‘Controlling Britney Spears’ New Documentary On The Singer Has All The Details

On Friday night, FX and Hulu will debut a new documentary on Britney Spears’ life. “Controlling Britney Spears,” the follow-up to “Framing Britney Spears,” delves deeper into the conservatorship that has ruled over the pop star’s life since 2008.

The documentary, which will premiere at 10 p.m. on Netflix, is based on a New York Times investigation into Spears’ conservatorship and will look at how it has influenced her life over the past 13 years. Insiders, including a former member of the security team that tracked Spears for nine years, have come up with charges about how the superstar’s conservatorship functioned, including claims that her life was constantly watched.

According to the former member of the security team, he was instructed to erase a flash drive holding “very sensitive” information. This order triggered “so many red lights,” he claimed, and he finally “saved a copy” because he didn’t want to lose any proof.

“In the documentary,” Liz Day, co-creator of both documentaries, said, “this insider has come forward and provided a depiction of the way the conservatorship watched and regulated almost every element of Britney’s life over the previous 13 years.”
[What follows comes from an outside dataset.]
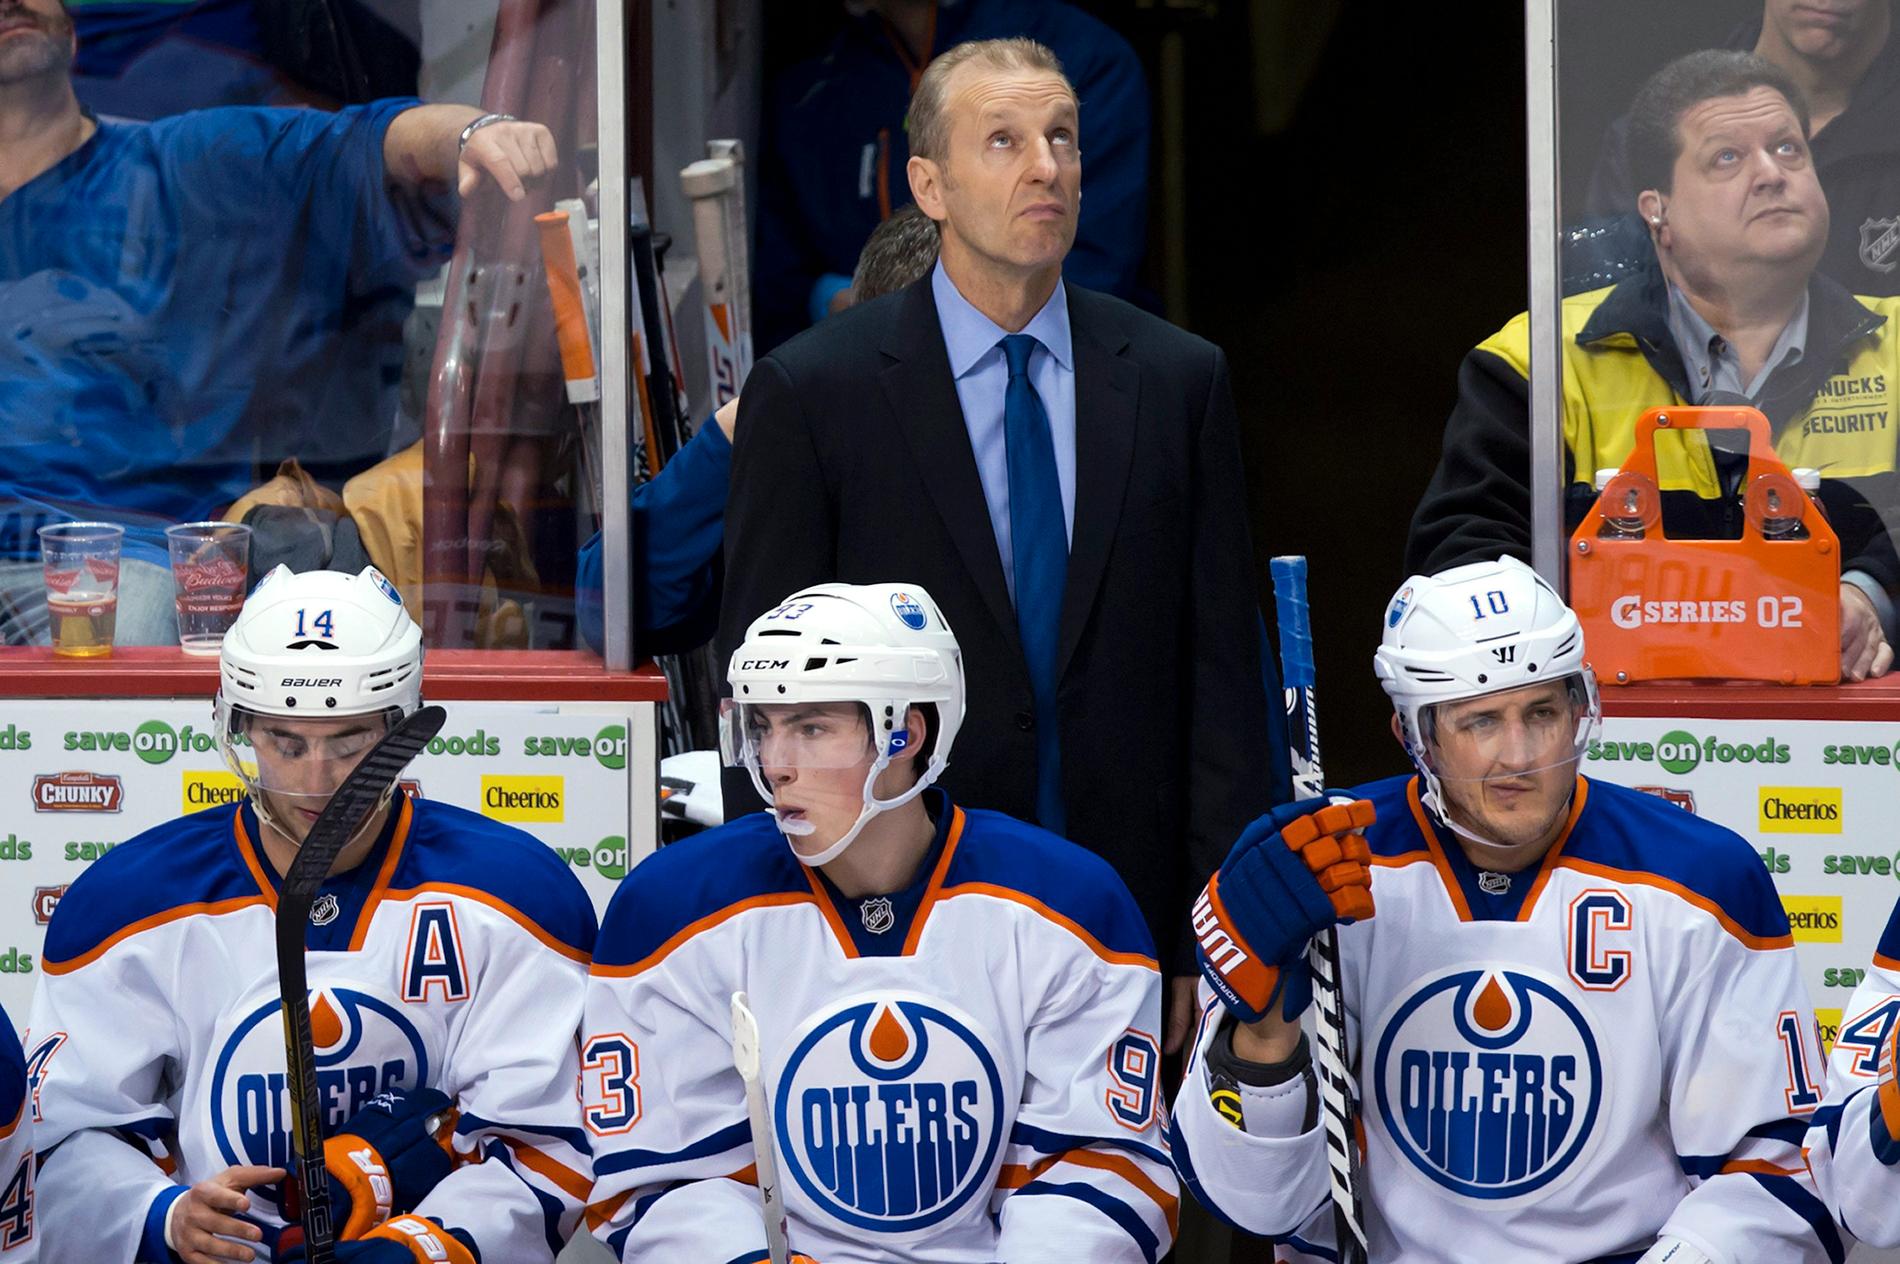 2012–2013 var Krueger head coach för Edmonton Oilers.

“Back in 2008, when [Britney’s father] Jamie was designated Britney’s conservator, he was granted the right to employ security for Britney 24 hours a day, seven days a week, and no one really understood what they did,” Day said. “They’d be in the backdrop of Britney’s photographs.” We definitely didn’t know a thing about the amount of control and the methods they monitored and surveilled her previously, and I don’t think anyone else did either.”

Samantha Stark, a co-creator on “GMA,” said she and Day also obtained court records relating to Britney Spears’ conservatorship, which reveal how the singer “had been expressing to the court she wanted out far earlier than anyone realized.”

Spears’ shocking testimony in June “inspired” individuals engaged in the conservatorship to come forward and back her narrative, according to Day.

Stark said, “I believe Britney’s speech was extremely strong.” “These folks in the film contacted us because they wanted to tell their experience after hearing Britney speak,” says the director.

The documentary “Framing Britney Spears,” which premiered on Hulu in February, chronicled the singer’s court struggle over the conservatorship and looked at the media’s portrayal of her at the height of her celebrity. It also looked at the severe scrutiny she’s been subjected to.

Spears, 39, is absent from “Framing.” Britney Spears said in a since-deleted Instagram post that she hadn’t seen the film over two months after its release that she hadn’t seen it. She did, however, say that the clip she did watch made her cry.

“My entire existence has been speculated about… observed… and judged!!!” At the moment, Spears is posted on Instagram. “I’ve spent my entire life performing in front of an audience!!! It takes a lot of courage to TRUST the universe with your true vulnerability, because the media has always criticized… ridiculed… and embarrassed me… and I’m still doing it today!!!”

“As the globe continues to evolve and life goes on, we as humans remain vulnerable and sensitive,” she continued.

Spears has been preoccupied with resolving her conservatorship fight since then. Her conservatorship, she claimed in court, is “abusive” and “doing me much more harm than good.” Following pressure from Spears’ new legal team, her father, Jamie Spears, who acts as conservator of her estate and has denied wrongdoing, moved to dissolve the arrangement earlier this month. The next court appearance is scheduled on September 29.